Your objective >>
A verbatim copy of the listing is what is needed, minus any pictures.

The data >>

┄┄┄┄┄┄

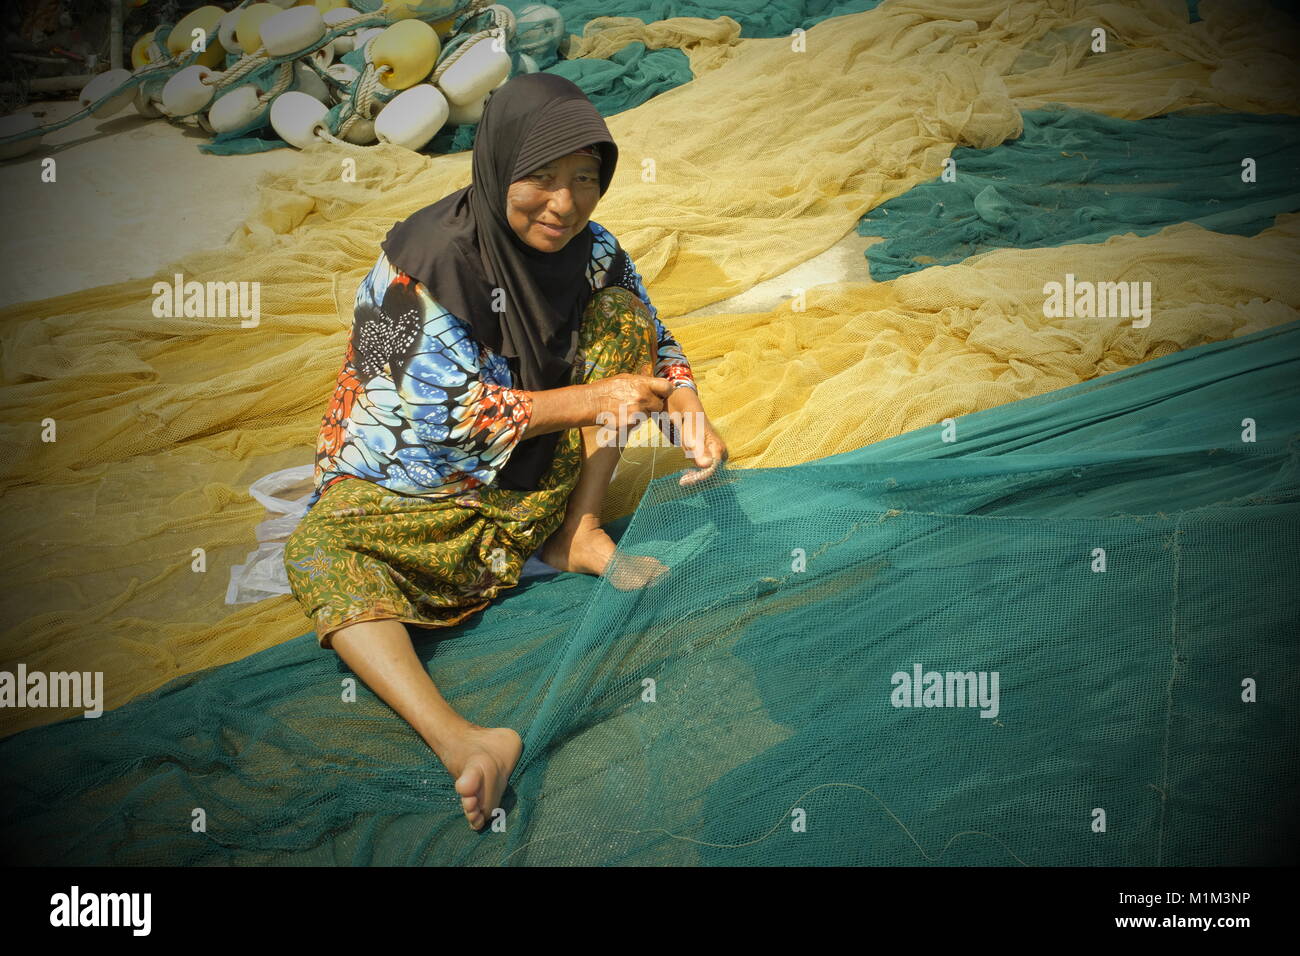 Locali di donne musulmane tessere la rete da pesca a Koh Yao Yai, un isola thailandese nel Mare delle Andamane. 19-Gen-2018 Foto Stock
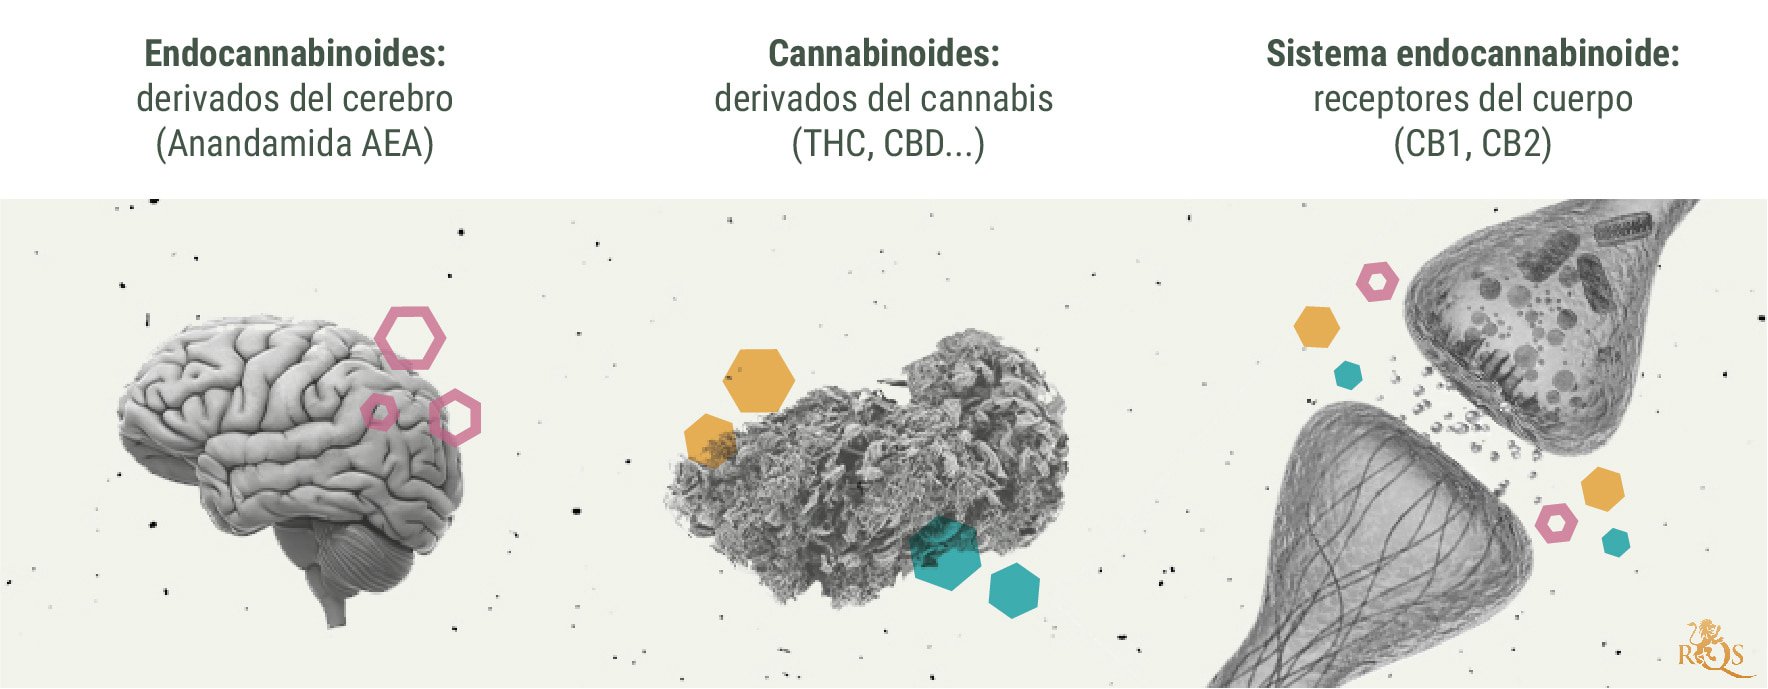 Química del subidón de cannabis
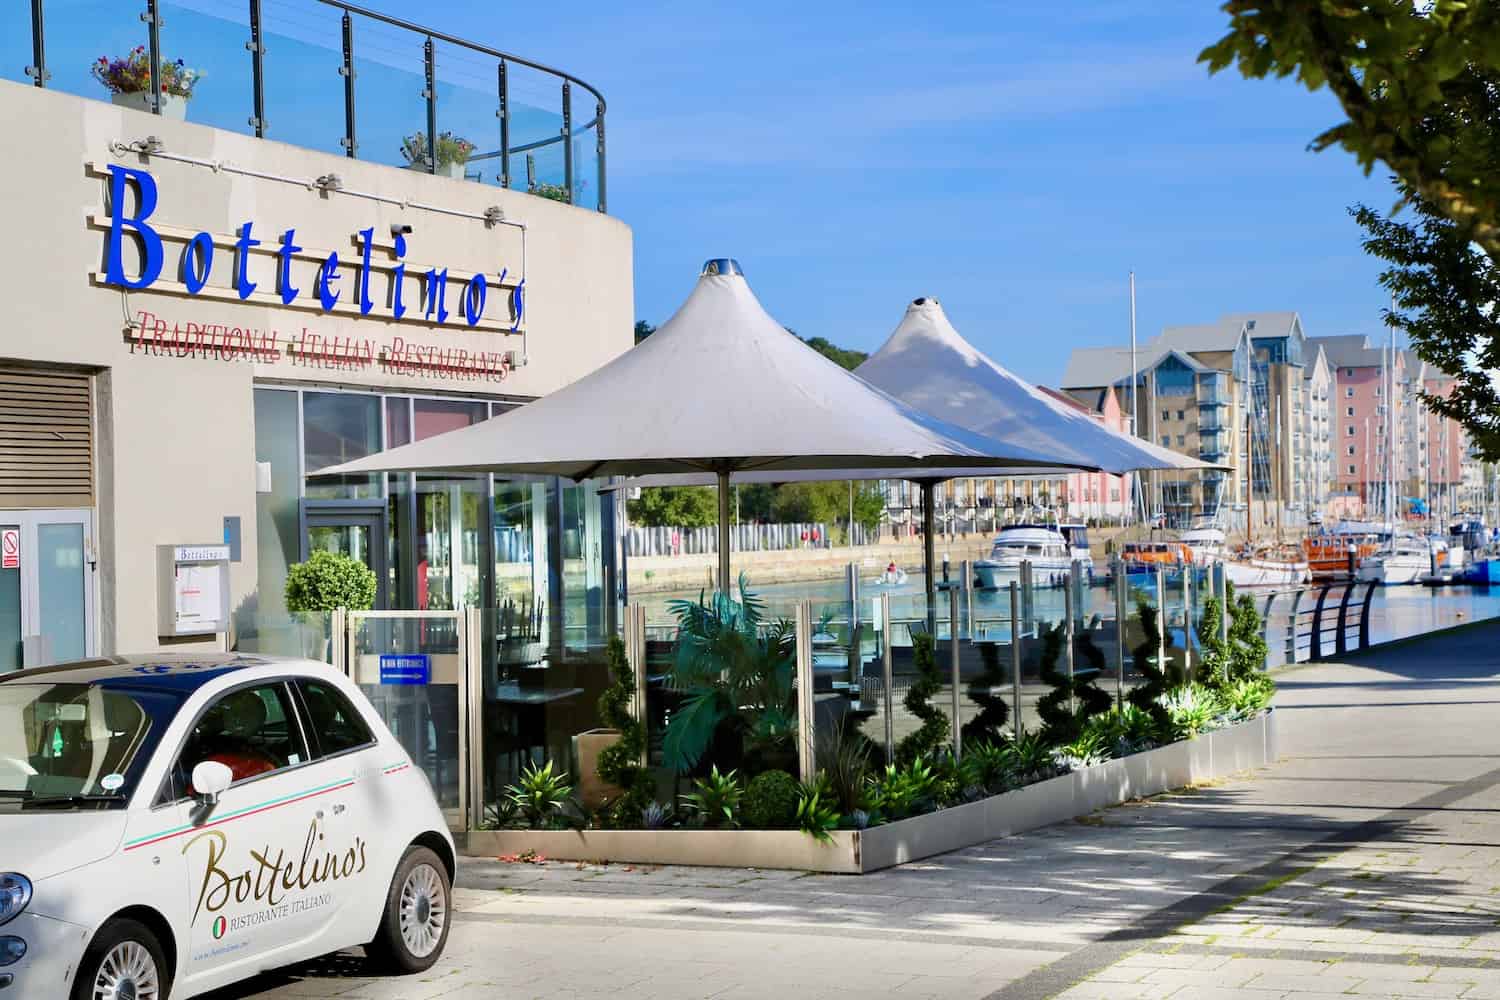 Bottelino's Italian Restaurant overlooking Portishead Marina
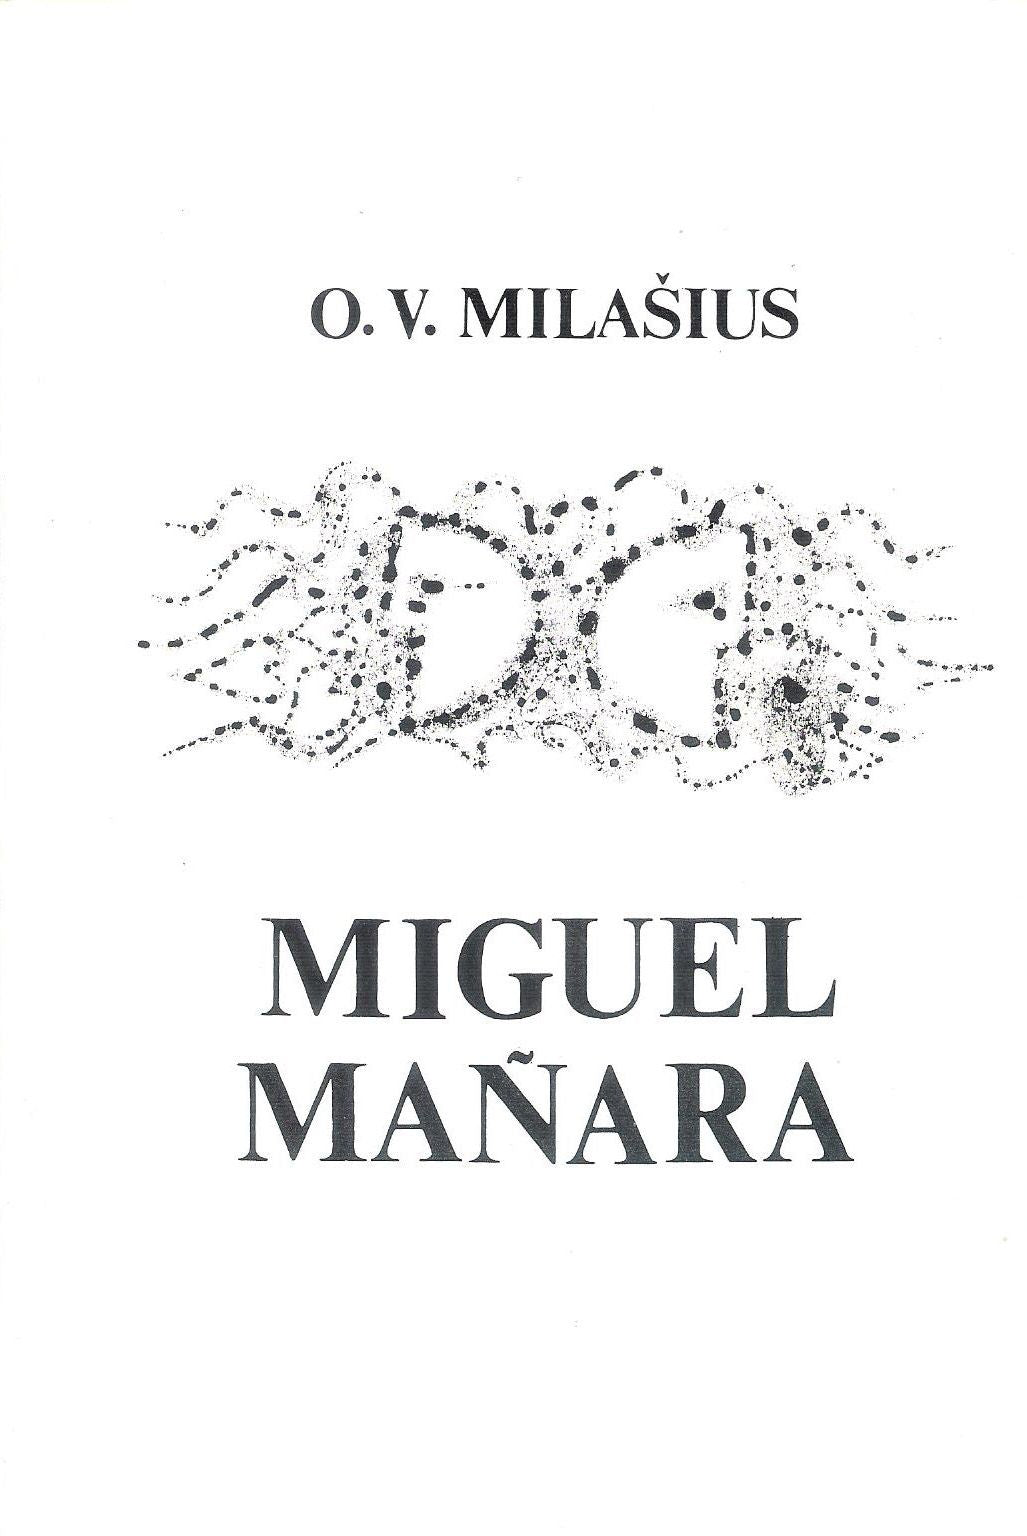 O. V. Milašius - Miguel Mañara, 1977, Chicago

┄┄┄┄┄┄

Task response >>
 Locali di donne musulmane tessere la rete da pesca a Koh Yao Yai, un isola thailandese nel Mare delle Andamane. 19-Gen-2018 Foto Stock
 Química del subidón de cannabis
 Bottelino's Italian Restaurant overlooking Portishead Marina
 O. V. Milašius - Miguel Mañara, 1977, Chicago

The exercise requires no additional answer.